On the Significance of the Terminal Location of Prion-Forming Regions of Yeast Proteins
Round 1
Reviewer 1 Report
Comments and Suggestions for AuthorsThe manuscript addresses the topic of prions, a scientific subject of great interest to the scientific community as it still contains many unanswered questions. I recommend accepting the manuscript pending revisions.
-The topic of prions is highly relevant to the scientific community. However, the authors included only one reference from 2023 and one from 2024 in the introduction. The authors should update the introduction by incorporating recent findings on the topic.

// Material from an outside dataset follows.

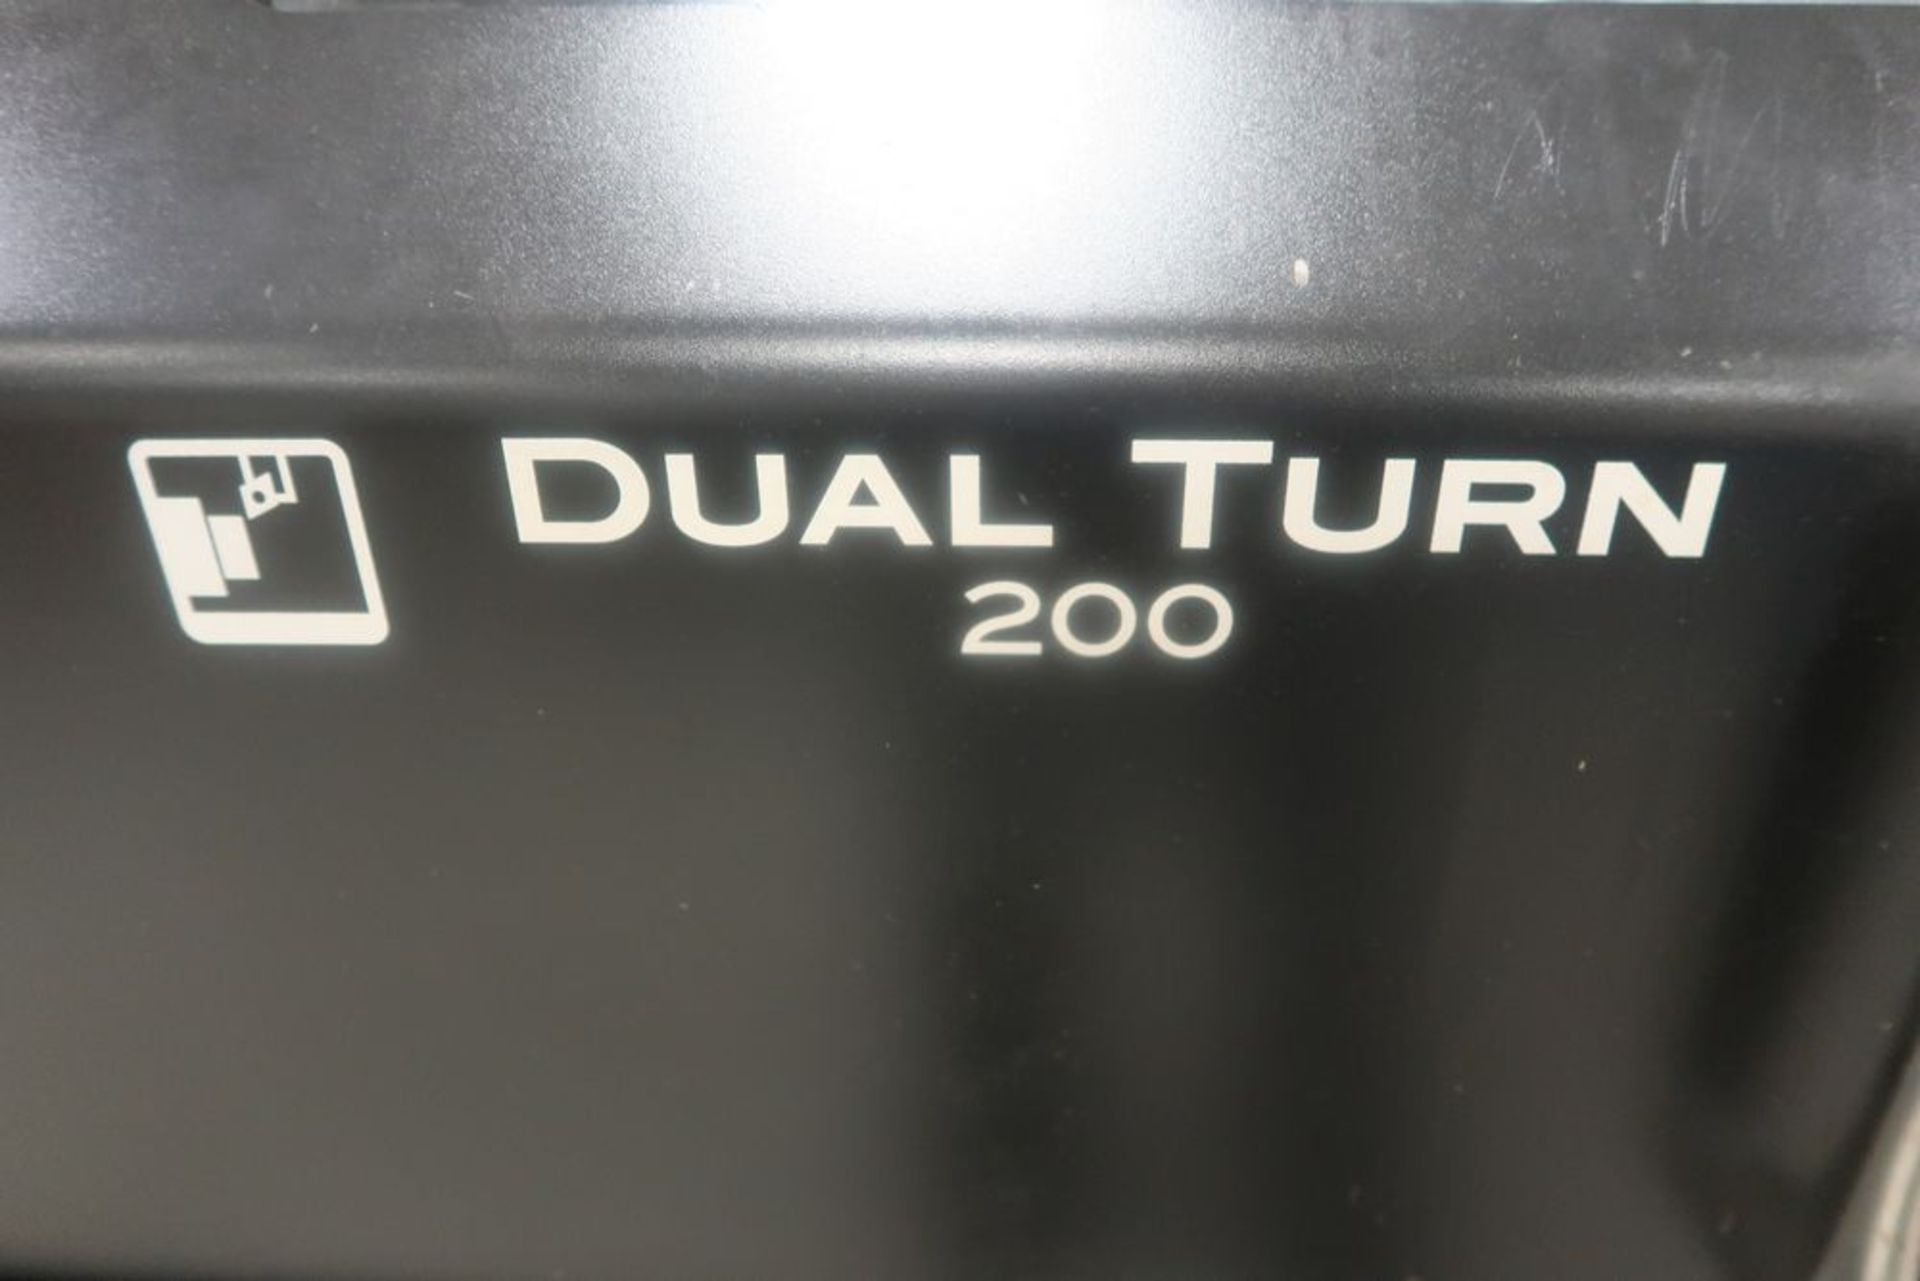 Lot 5 - Mazak Dual turn 200 Twin Spindle CNC Turning Center Lathe, S/N 287830, New 2018
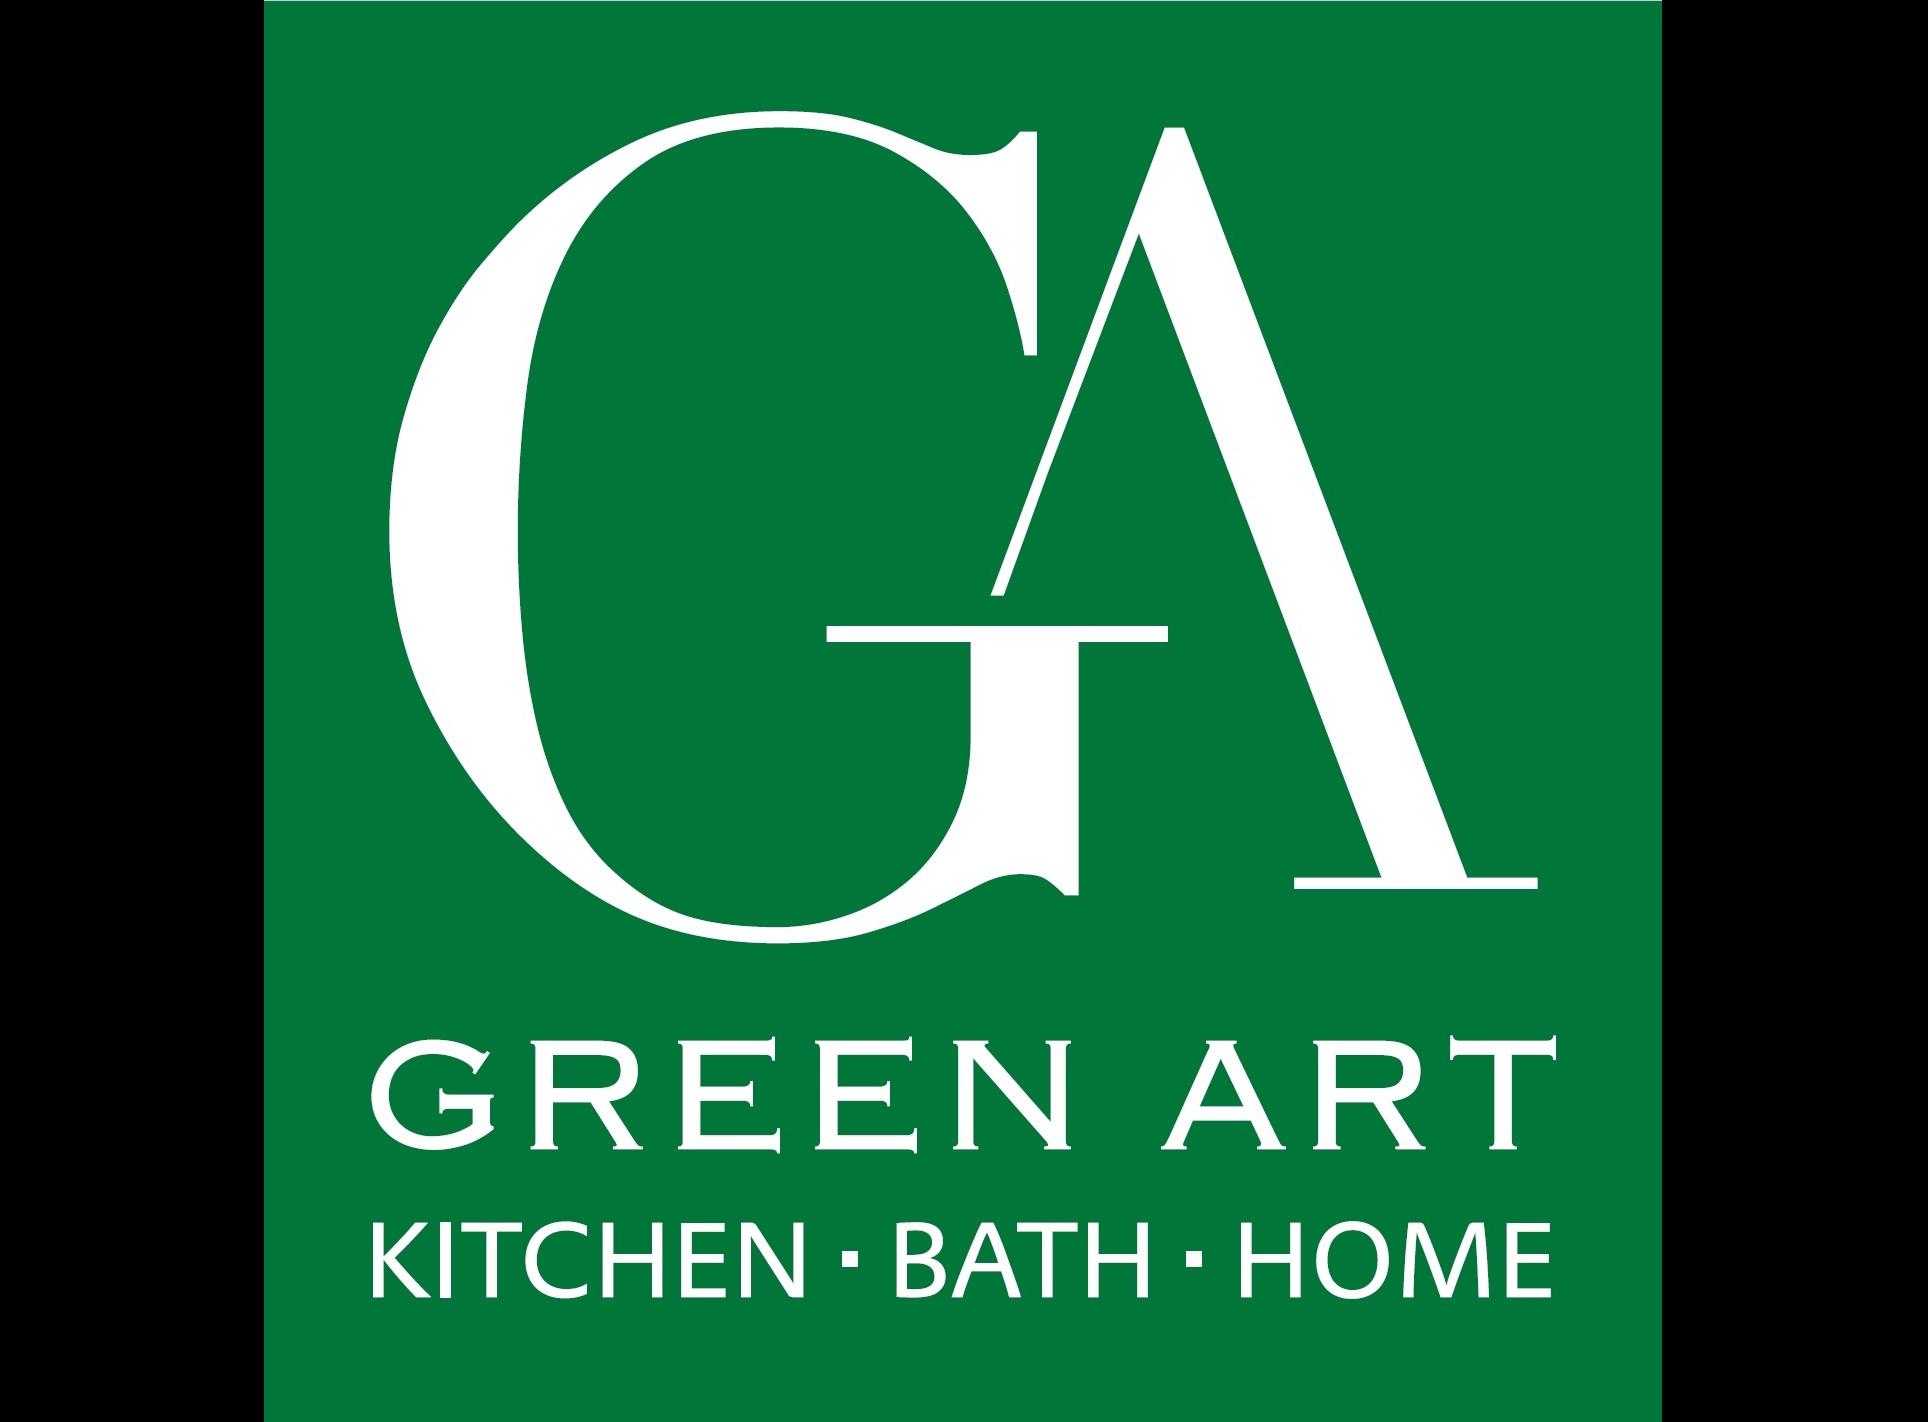 Logo for Green Art Plumbing Supply

-It would be interesting for the authors to include a figure illustrating the amyloid structure mentioned in the introduction, highlighting the regions undergoing changes. The introduction currently consists solely of text.
-The authors did not associate experimental errors with the measurements. This should be added to the manuscript.
-The panels in Figures 6 and 7 are of very poor quality. The authors should improve their quality to enhance visualization.
-For the experimentally obtained structures, the authors could compare their results with predictions. There is a web server called BetaSerpentine, which could serve as a comparison tool.
-In the methodology section, the authors did not specify whether duplicates or triplicates were performed. This information should be included in the manuscript.
-In the discussion, the authors did not compare their results with data from the literature. They merely described their findings in an expository manner. The authors should compare their results with existing literature.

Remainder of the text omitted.